The intuiton of this problem is the following: We have a vector, which are basically our different written numbers from 0-9. In order to be able to classify them, this factor variable will be binarized into 10 dummy variables containing 0 or 1, each representing one of the numbers from 0-9. The Multivariate Regression (MVR) and Principal Component Regression (PCR) come into play when the problem becomes predicting 10 different responses (Y) from \(0-1\). This way, when we have a value for each different number, our prediction will become the maximum value out of the 10 predicted ones.
For the Multivariate Regression (MVR), the models are computed using data sampling [5%, 10% 30% and 50%] from the training data.
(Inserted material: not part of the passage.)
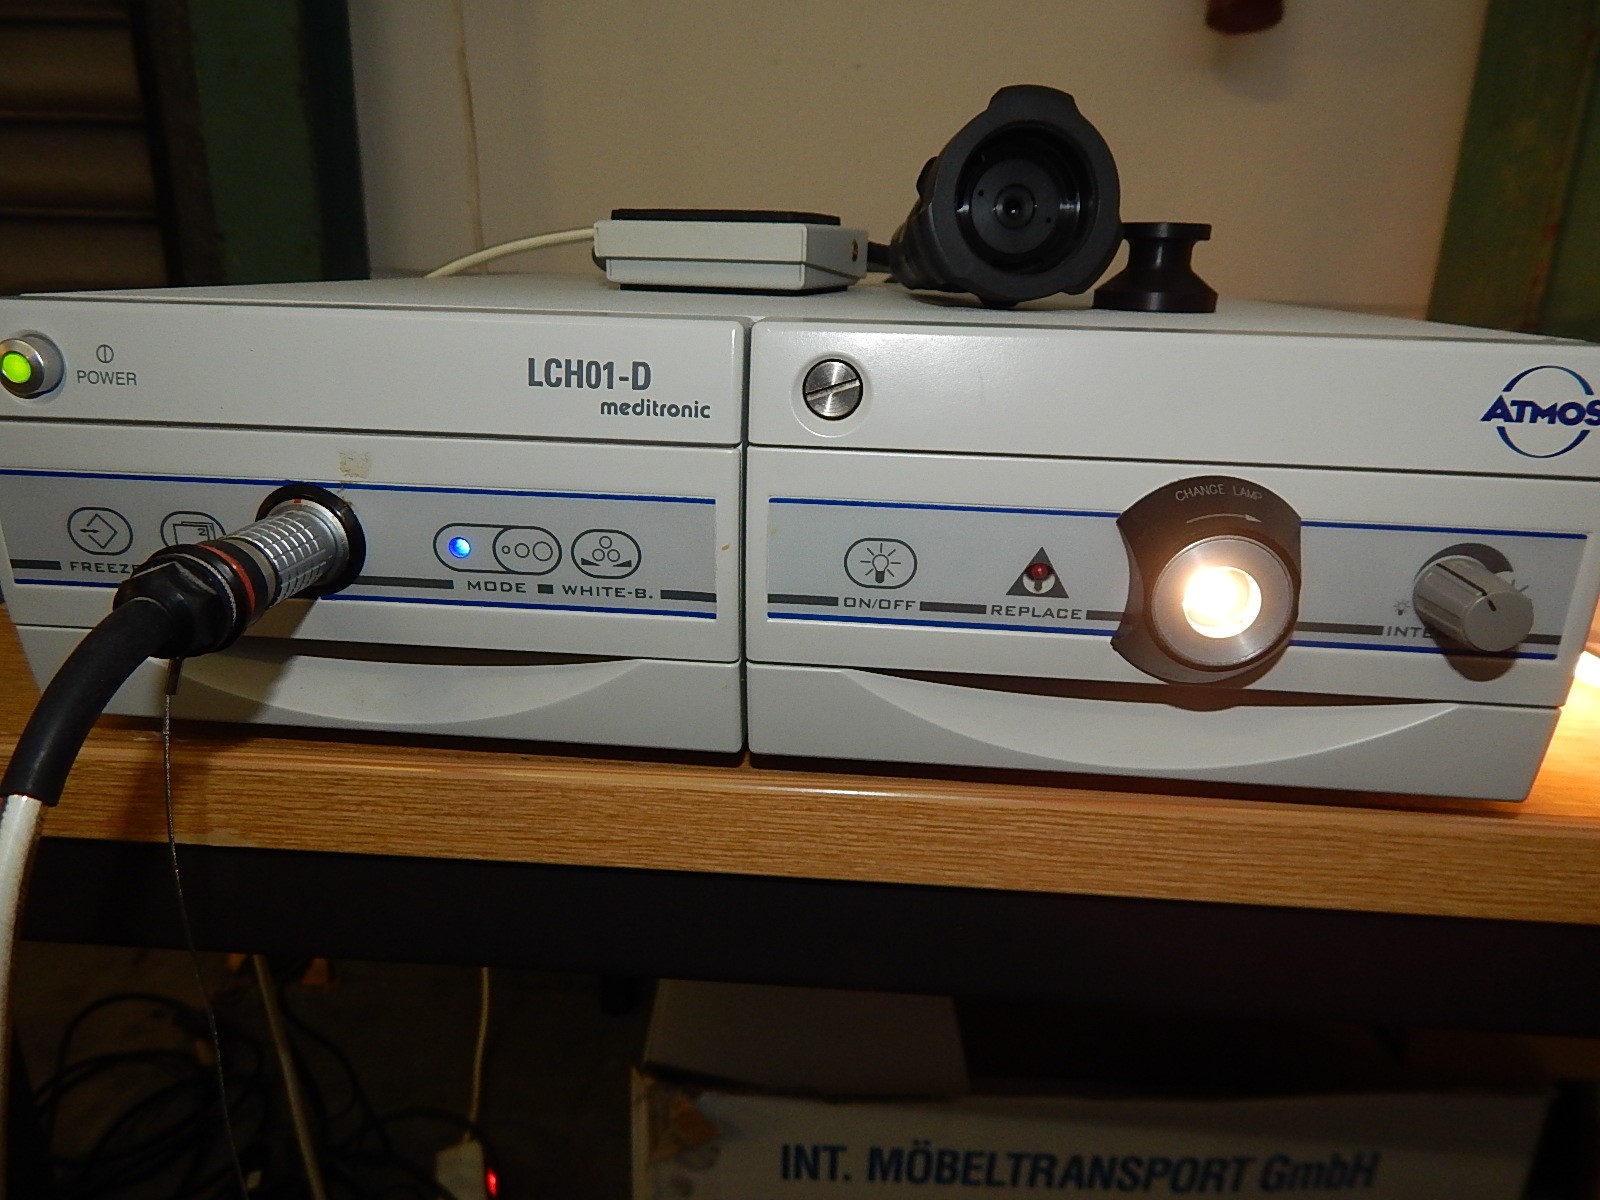 atmos-meditronic-lch01-d-ccd-farbkamera-prozessor-lichtquelle-461

| Train Data | accuracy | error | R-squared | Adj.R-squared | LOOCV R-squared | Test R-squared | TrainSize |
|---|---|---|---|---|---|---|---|
| 0.05 | 0.61 | 0.39 | 0.84 | 0.46 | -40.00 | 0.82 | 365 |
| 0.10 | 0.78 | 0.22 | 0.72 | 0.57 | -0.15 | 0.69 | 729 |
| 0.30 | 0.85 | 0.15 | 0.63 | 0.58 | 0.44 | 0.59 | 2187 |
| 0.50 | 0.86 | 0.14 | 0.61 | 0.58 | 0.48 | 0.57 | 3646 |
It is interesting to observe how the accuracy improves while using more data to train our model, this will be shown in Figure 1. Another observation is how the Average R-squared of our MVR model seems to be getting worse, but at least our Adj.R squared and our LOOCV R-squared are improving while improving the training data size, which are a better indication of the variance explained by our MVR model.
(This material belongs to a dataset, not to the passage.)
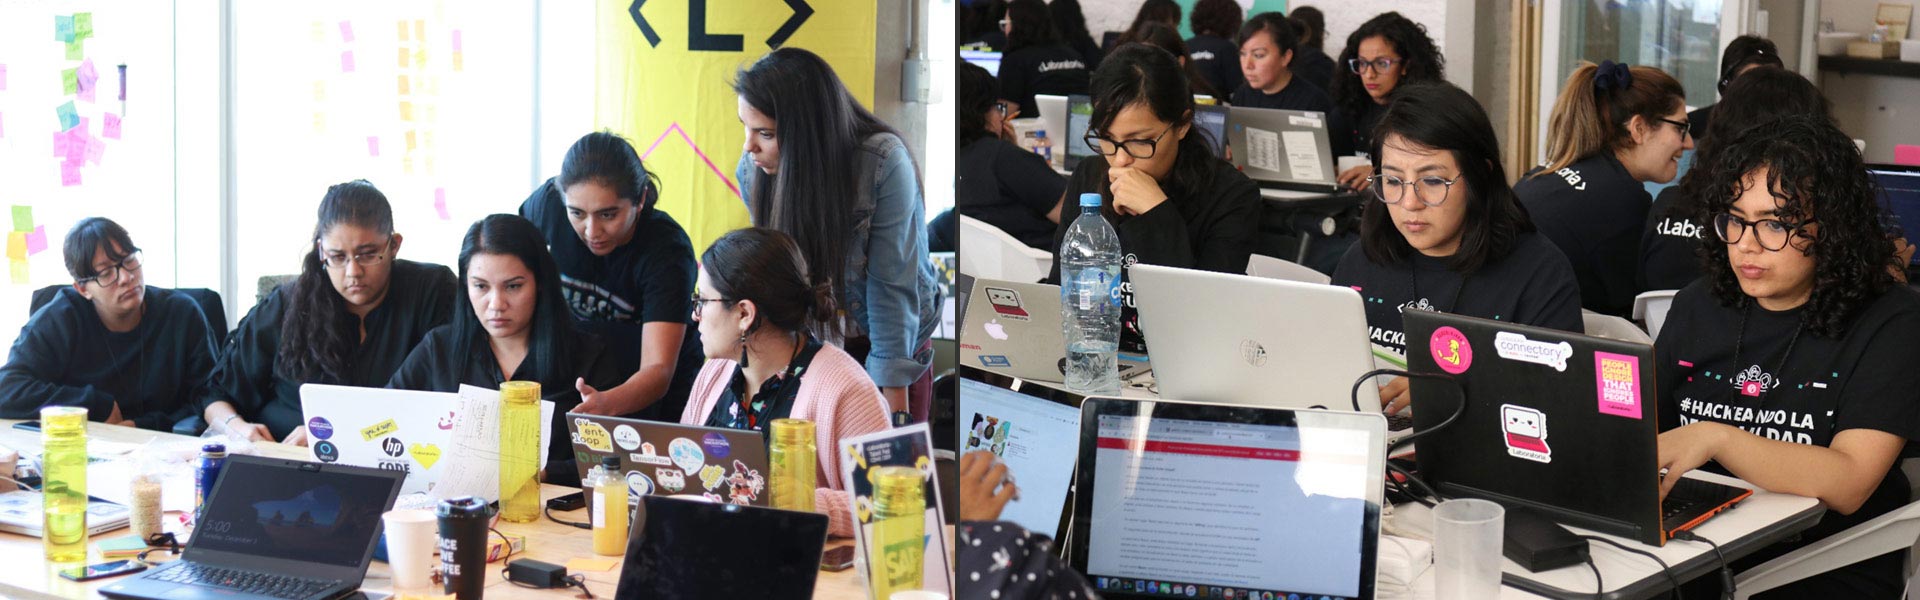 Wie Laboratoria mexikanische Frauen bei der Jobsuche in der Technologiebranche unterstützt

For Principal Component Regression (PCR), the model is computed only using a sample of 5% from the training data, this being the same observations as the 5% from the (MVR). The reason for this choice is to see how the model works by having a number of observations \(n\) close to the number of features \(p\). And given that a LOOCV is computed, it becomes more complicated to do this with a big dataset.
The basic idea of the PCR is to calculate principal components, and later use some of this components as predictors in a linear regression model fitted using the typical least squares procedure.
Since one of our objectives is to reduce dimensionality, it is important to know how many components should be used in order to predict. Our model is built by using \(256\) predictors, which result in a computation of these total number of components to explain 100% of the variance. For this we plot the components and the variance explained in order to know for which Components to proceed with our model.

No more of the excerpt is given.